#### Supplied material ####

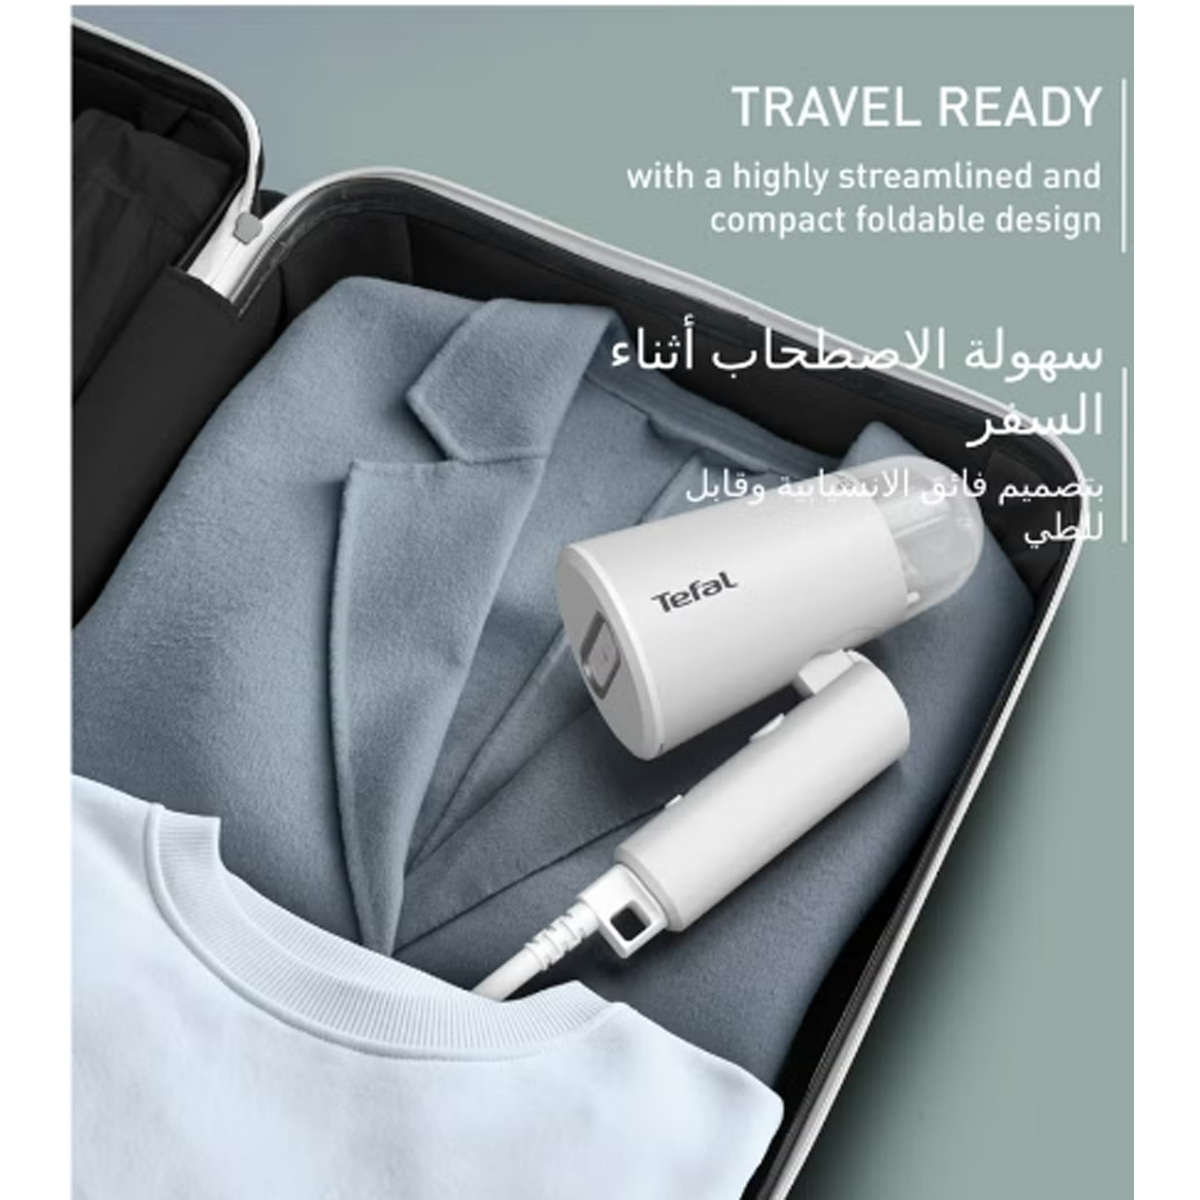 Tefal Handheld Garment Steamers, 1200 W, White, DT1020G0
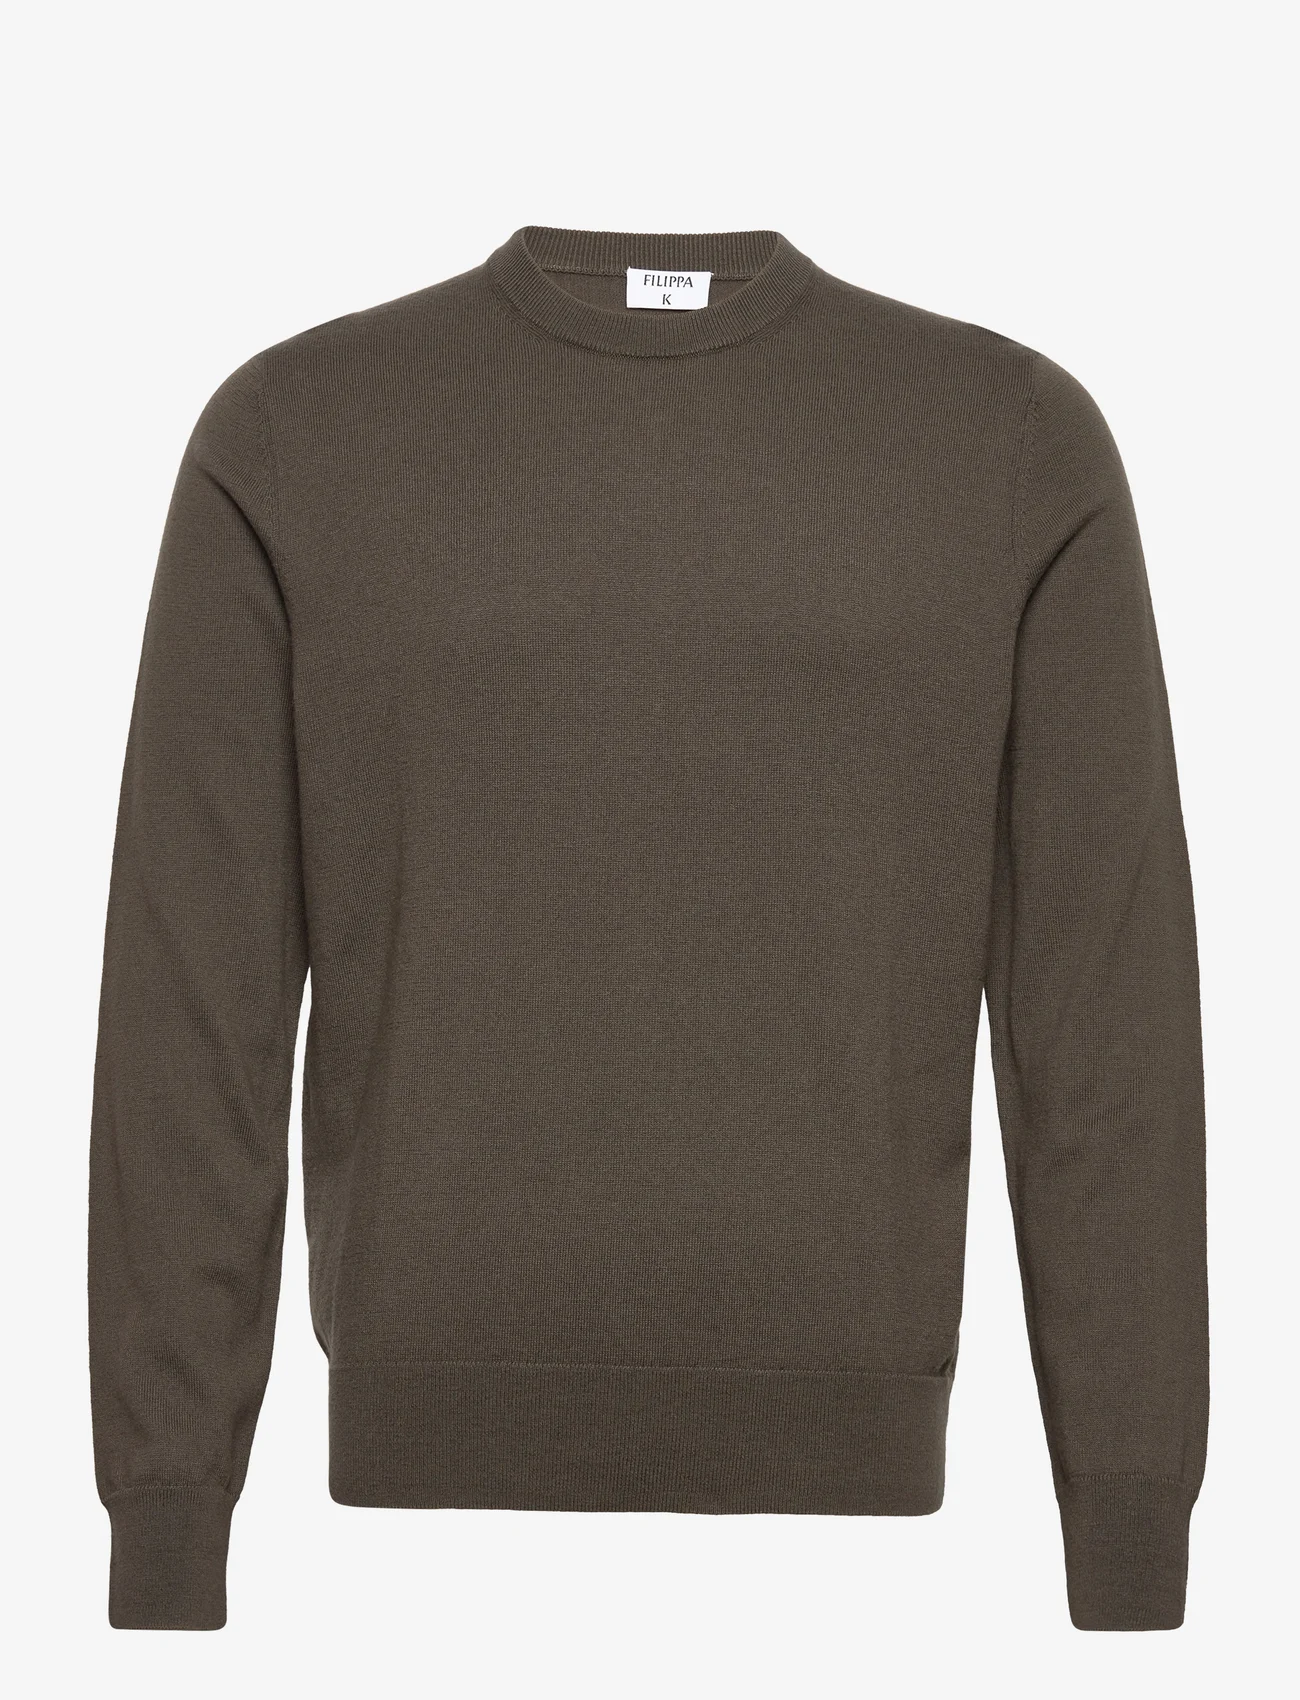 Filippa K - Cotton Merino Sweater - dark fores - 0
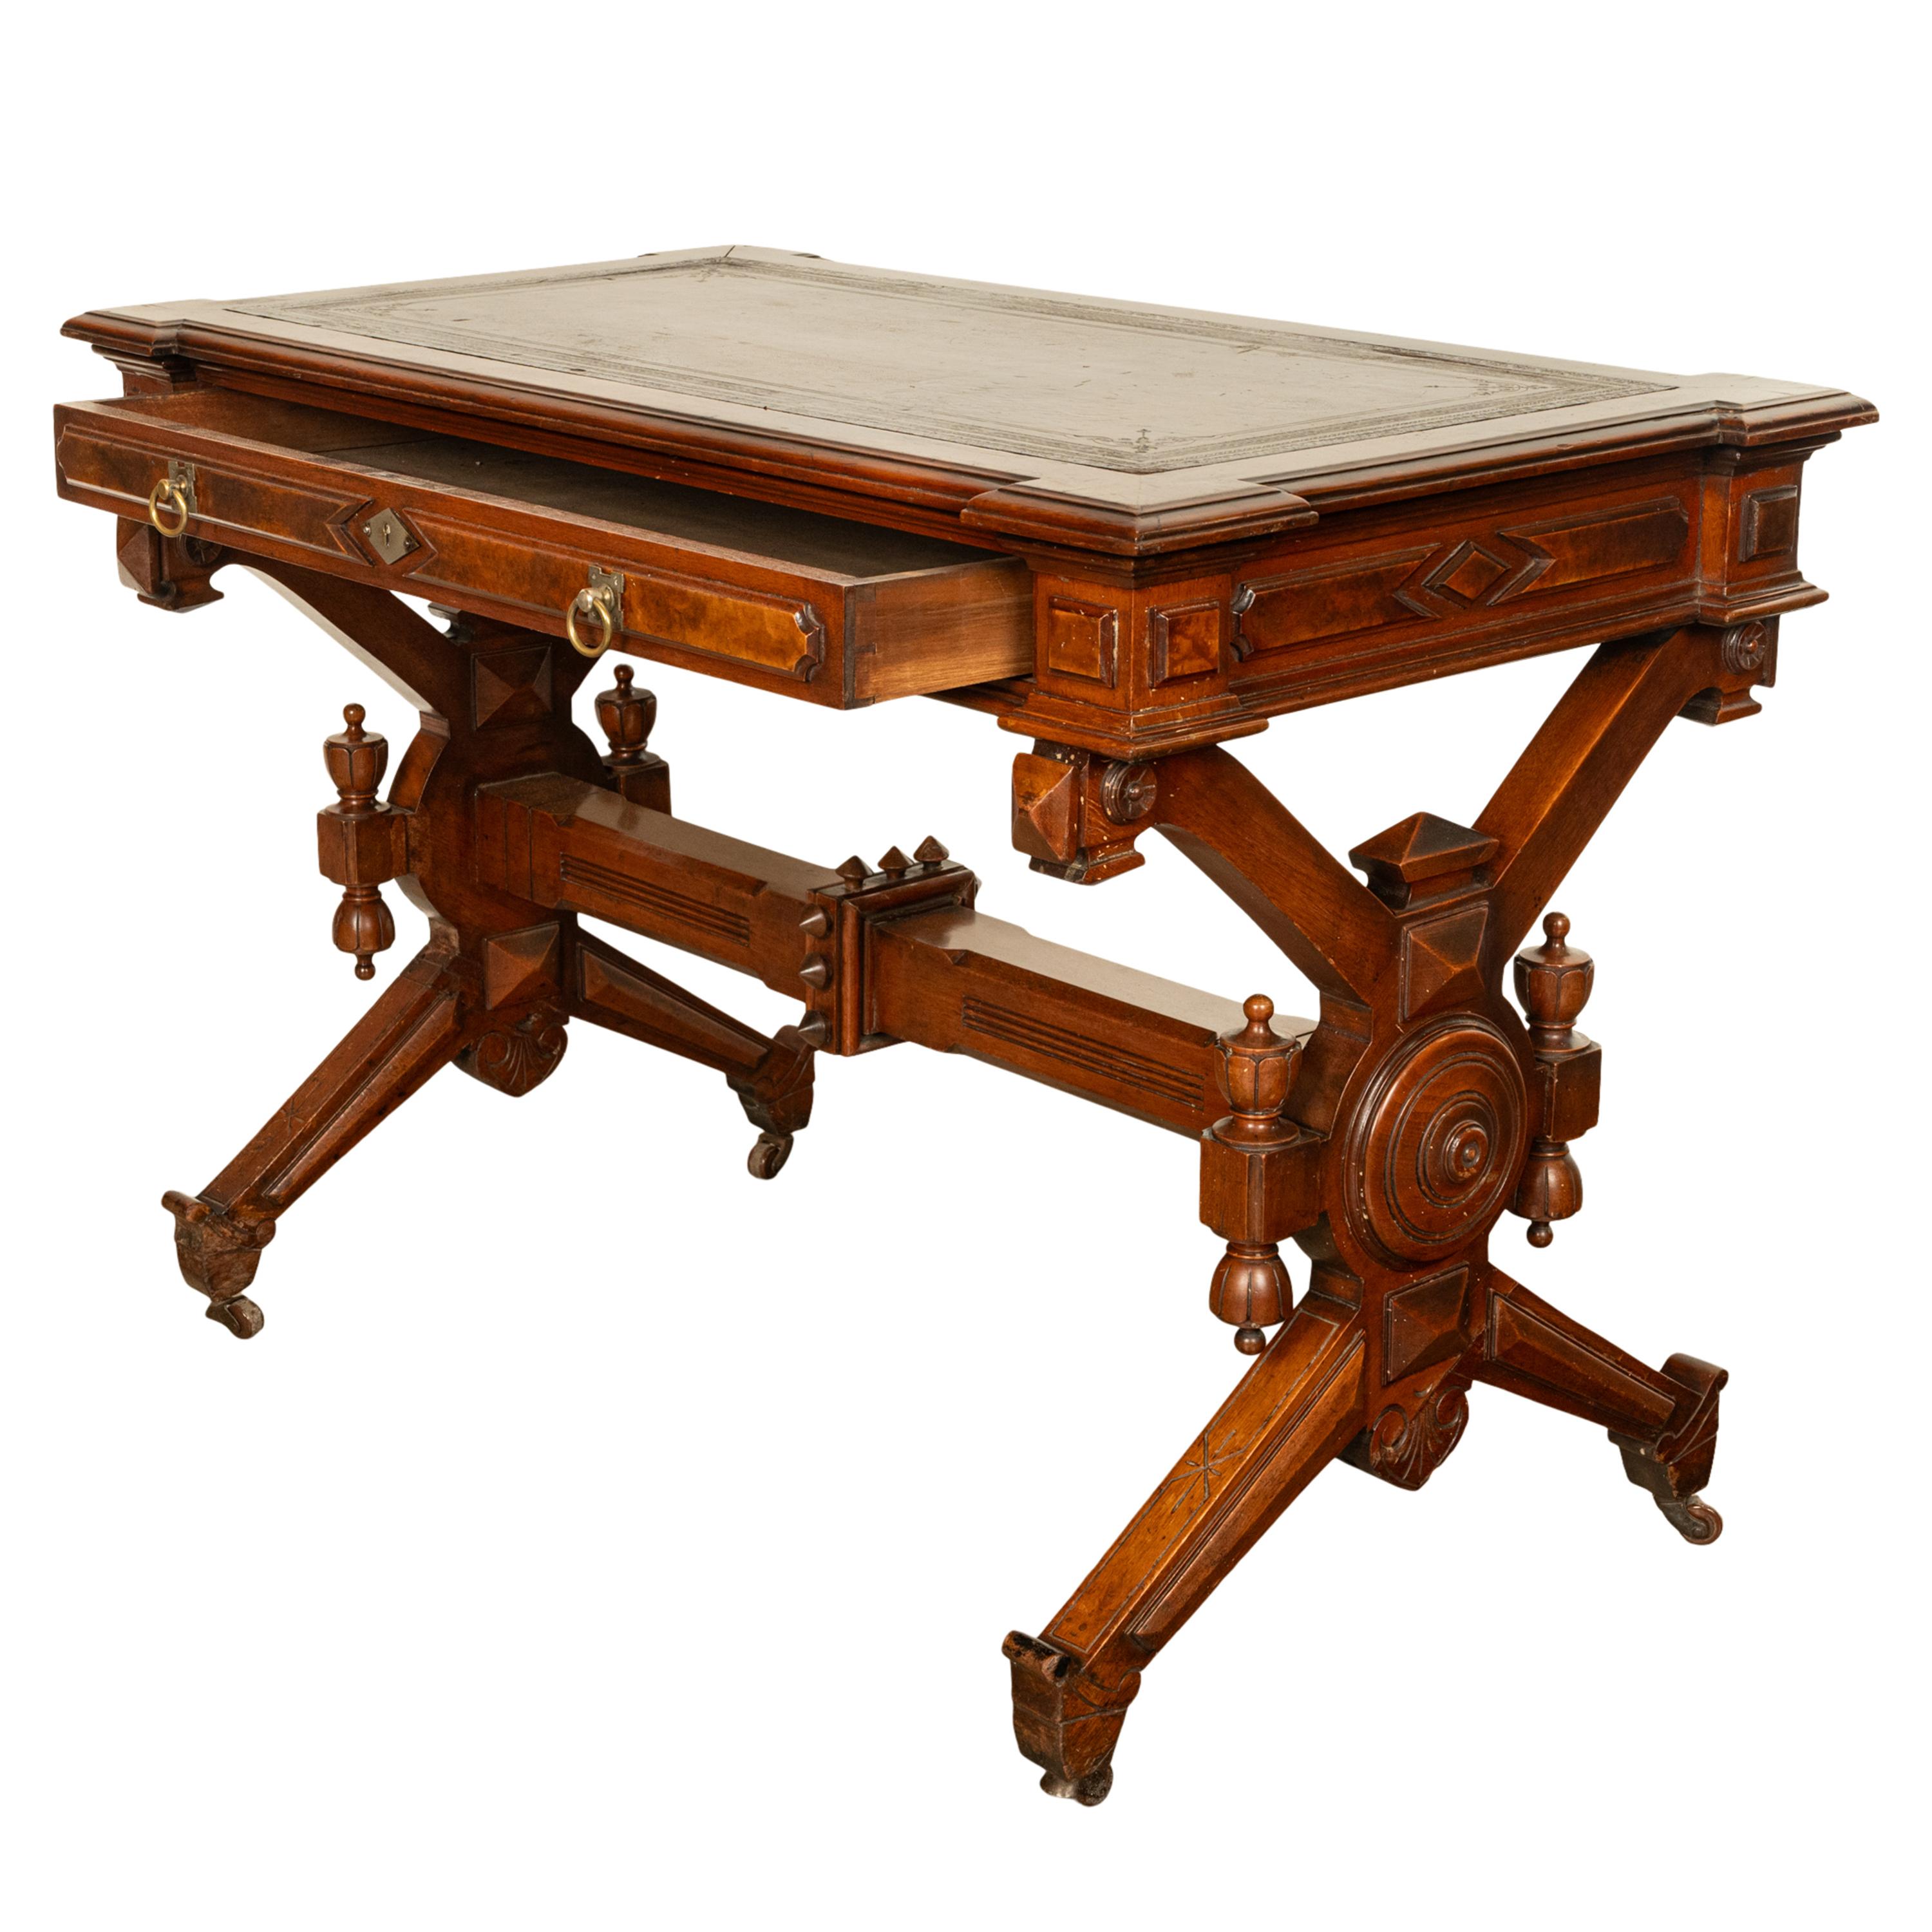 Leather Antique American Walnut Renaissance Revival Aesthetic Movement Desk Table 1875 For Sale

####

● **Work required**:
Leave the pictures out and output all of the data verbatim.

● **Response to the task**:
 Tefal Handheld Garment Steamers, 1200 W, White, DT1020G0
 Filippa K - Cotton Merino Sweater - dark fores - 0
 Leather Antique American Walnut Renaissance Revival Aesthetic Movement Desk Table 1875 For Sale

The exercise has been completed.